● Source records:
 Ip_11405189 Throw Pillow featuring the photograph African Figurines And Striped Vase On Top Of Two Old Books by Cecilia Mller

---

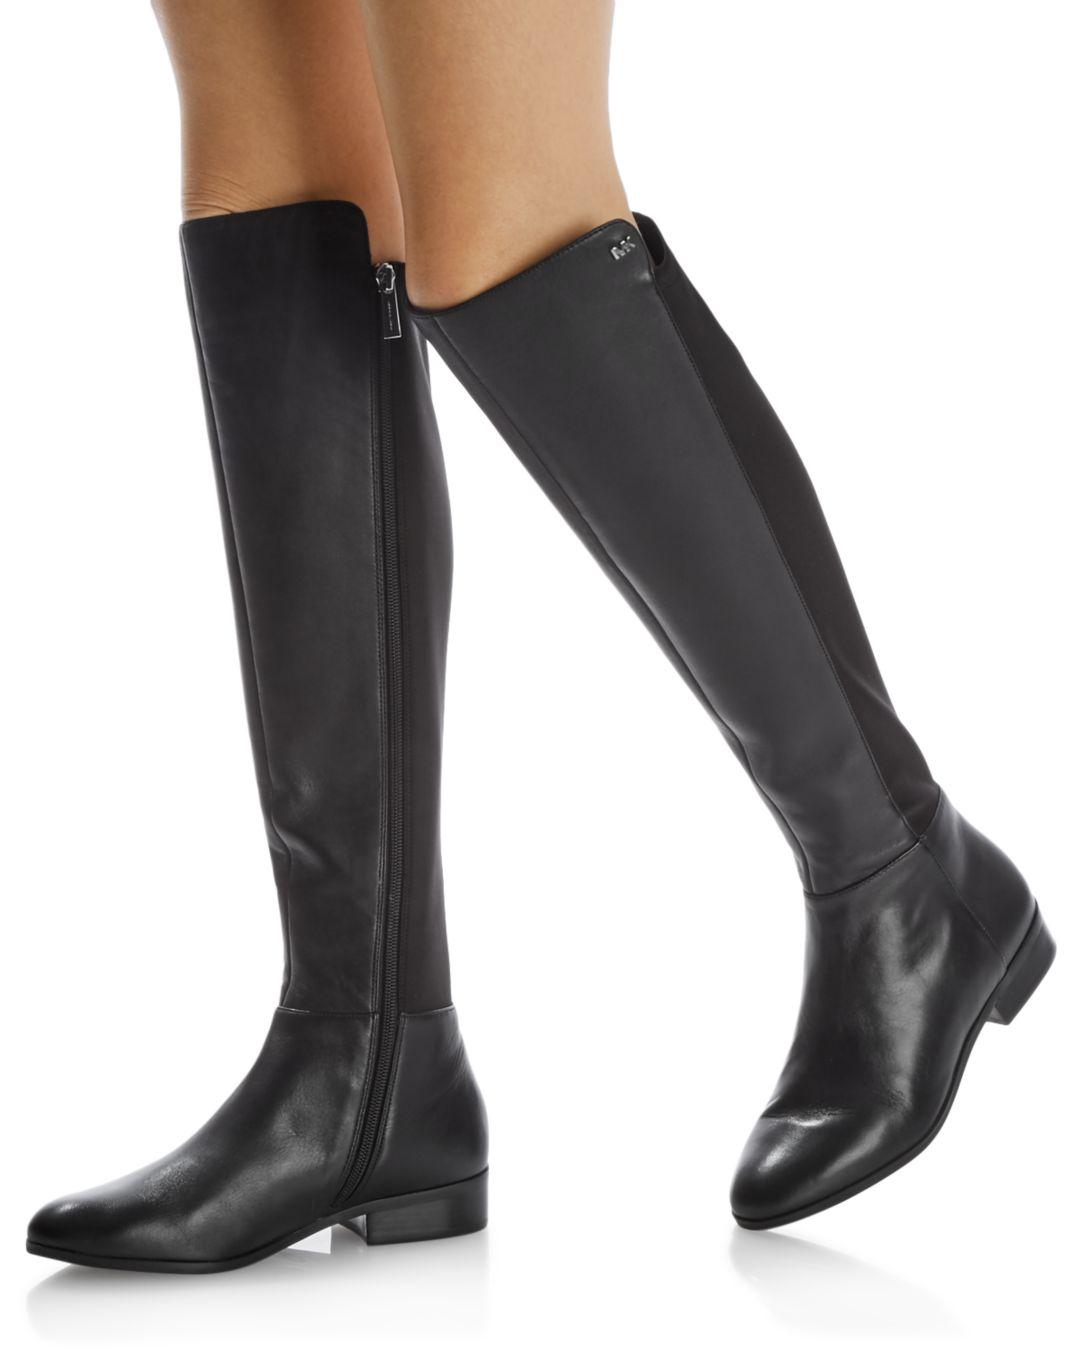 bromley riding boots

---

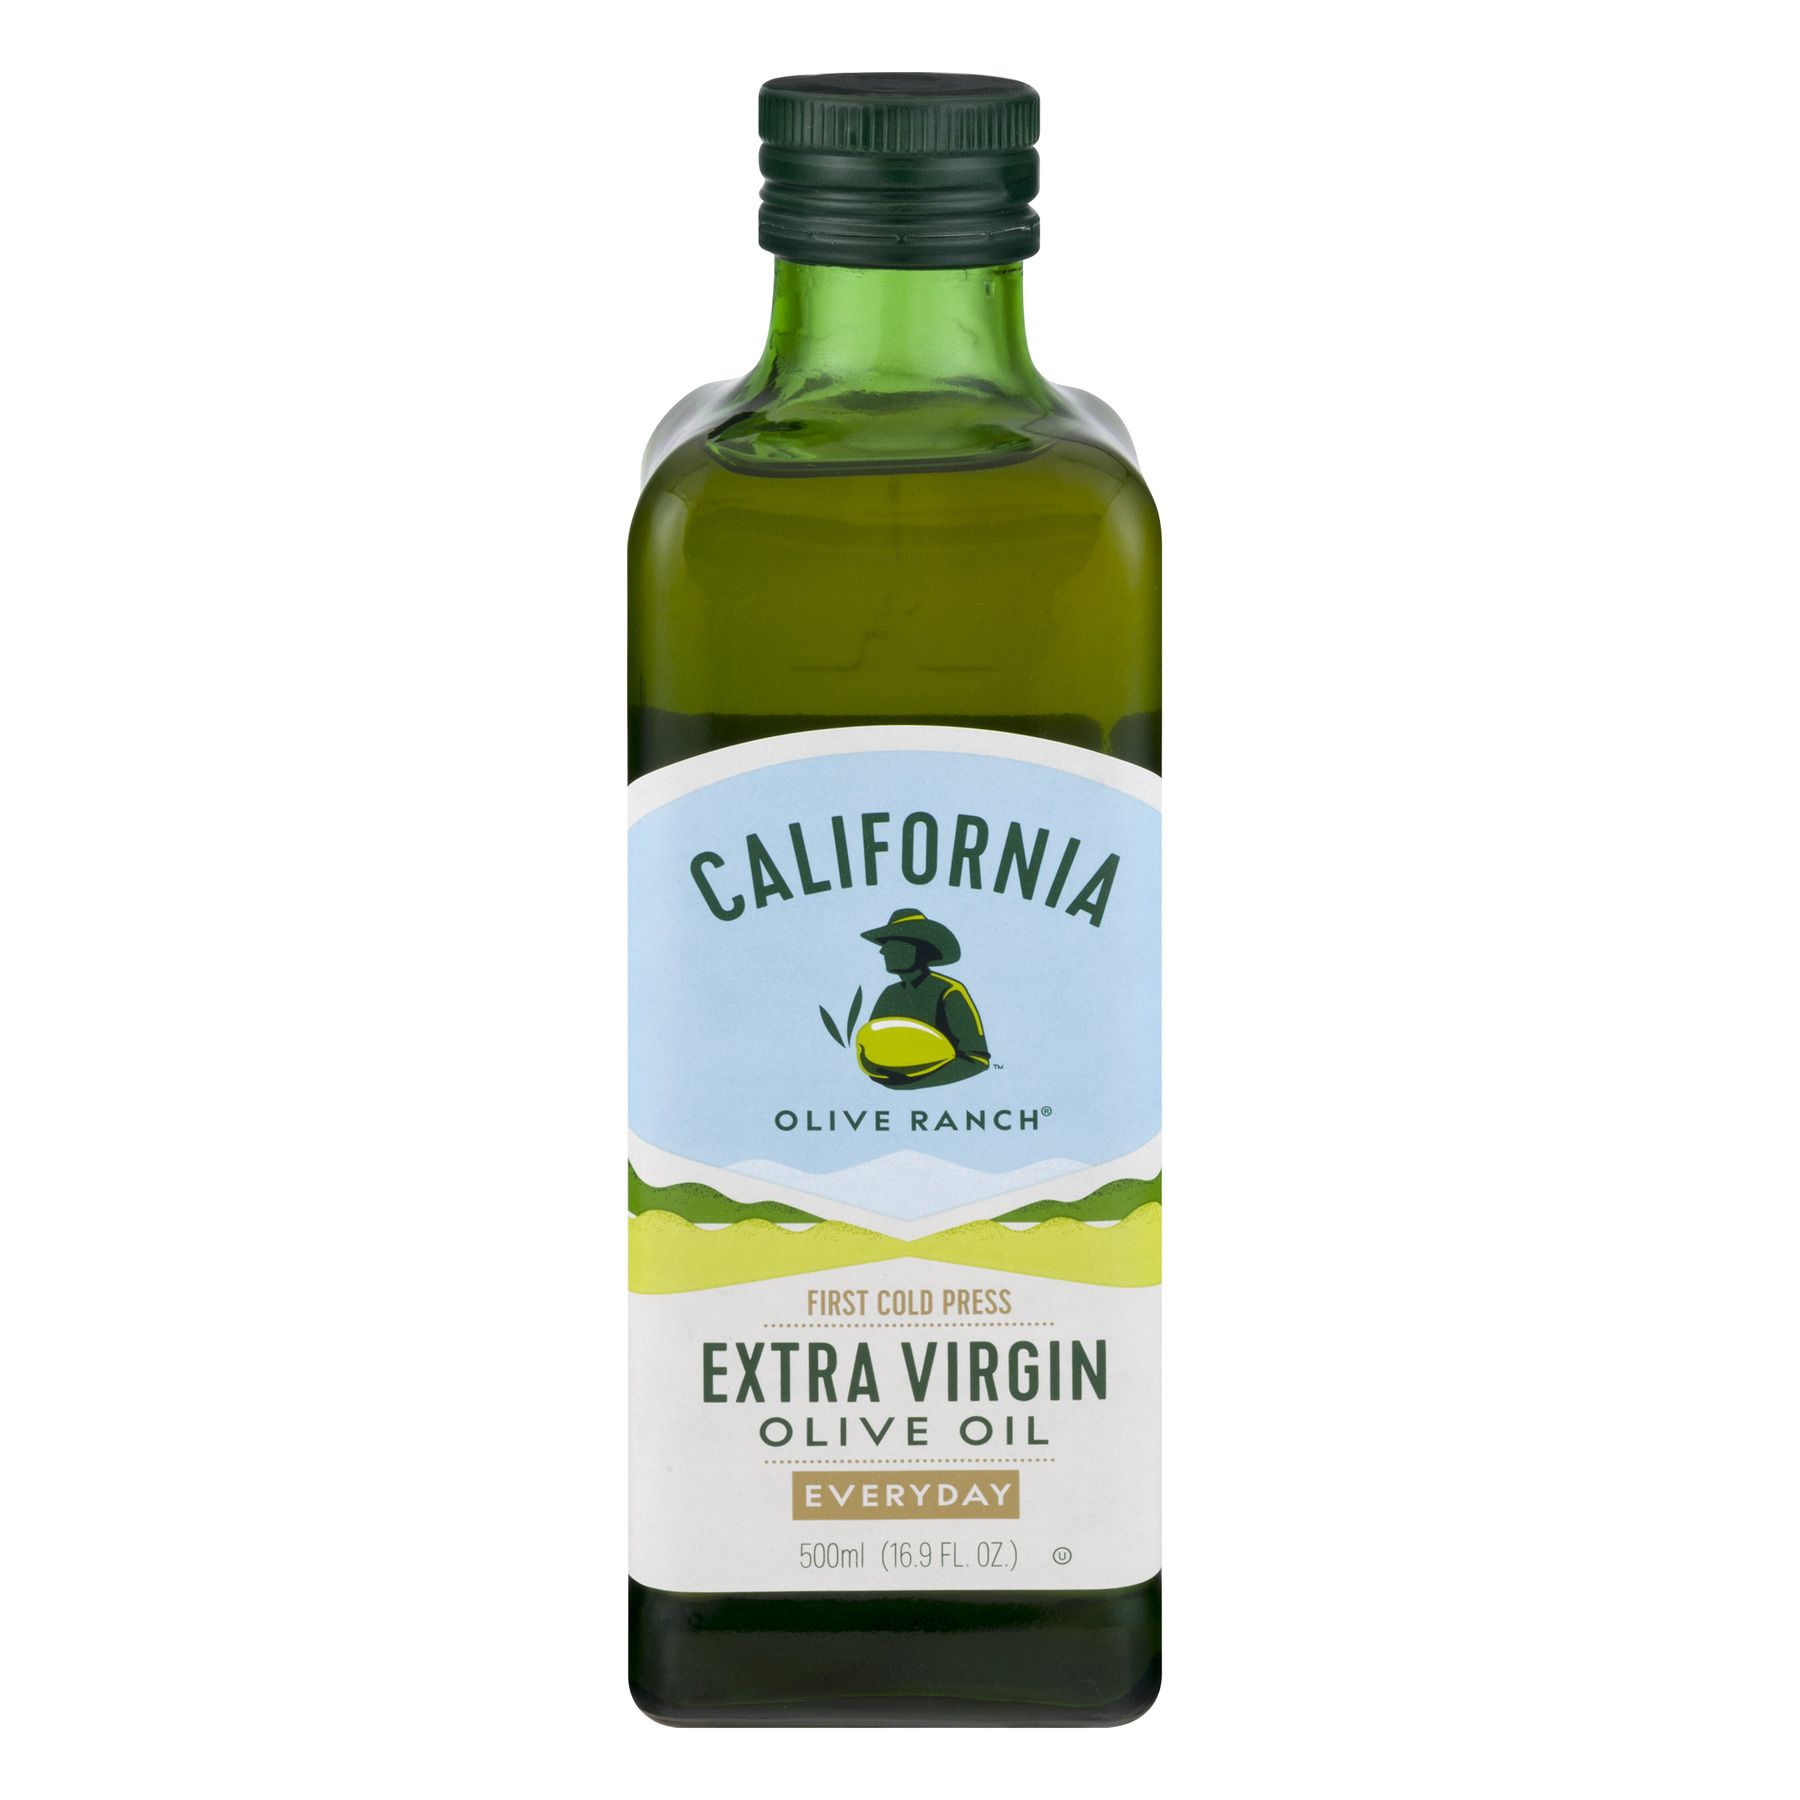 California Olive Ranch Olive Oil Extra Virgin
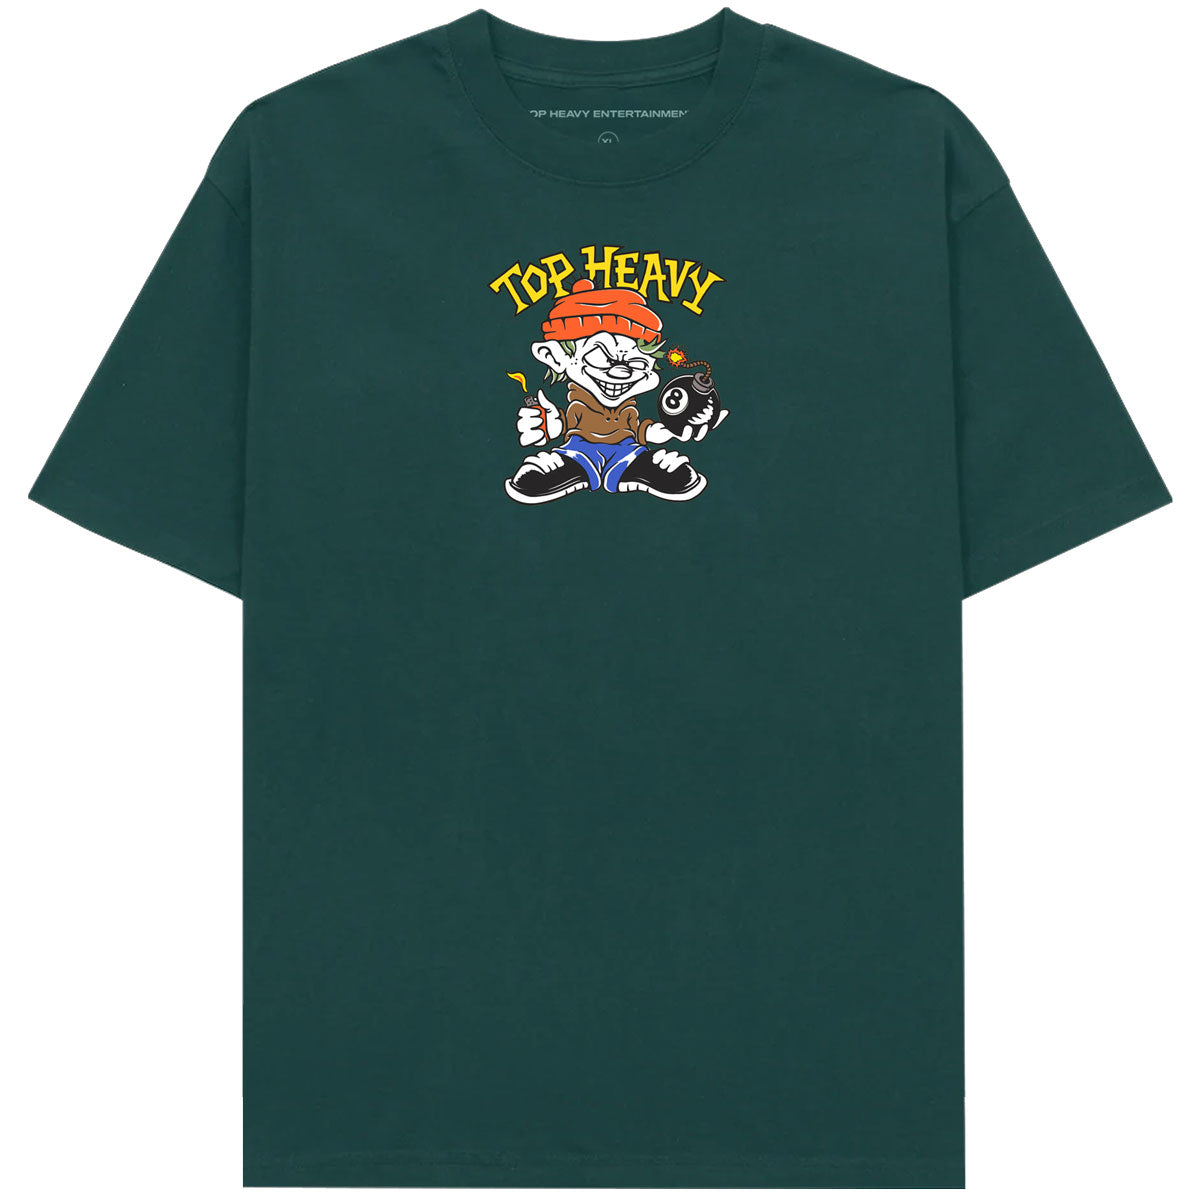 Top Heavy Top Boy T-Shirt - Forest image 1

● Assignment: What you write must match the listing exactly, from the line with "California Olive Ranch" up to and including the line with "Top Heavy Top Boy T-Shirt - Forest image 1". Pictures stay out.

● Exercise response:
 California Olive Ranch Olive Oil Extra Virgin
 Top Heavy Top Boy T-Shirt - Forest image 1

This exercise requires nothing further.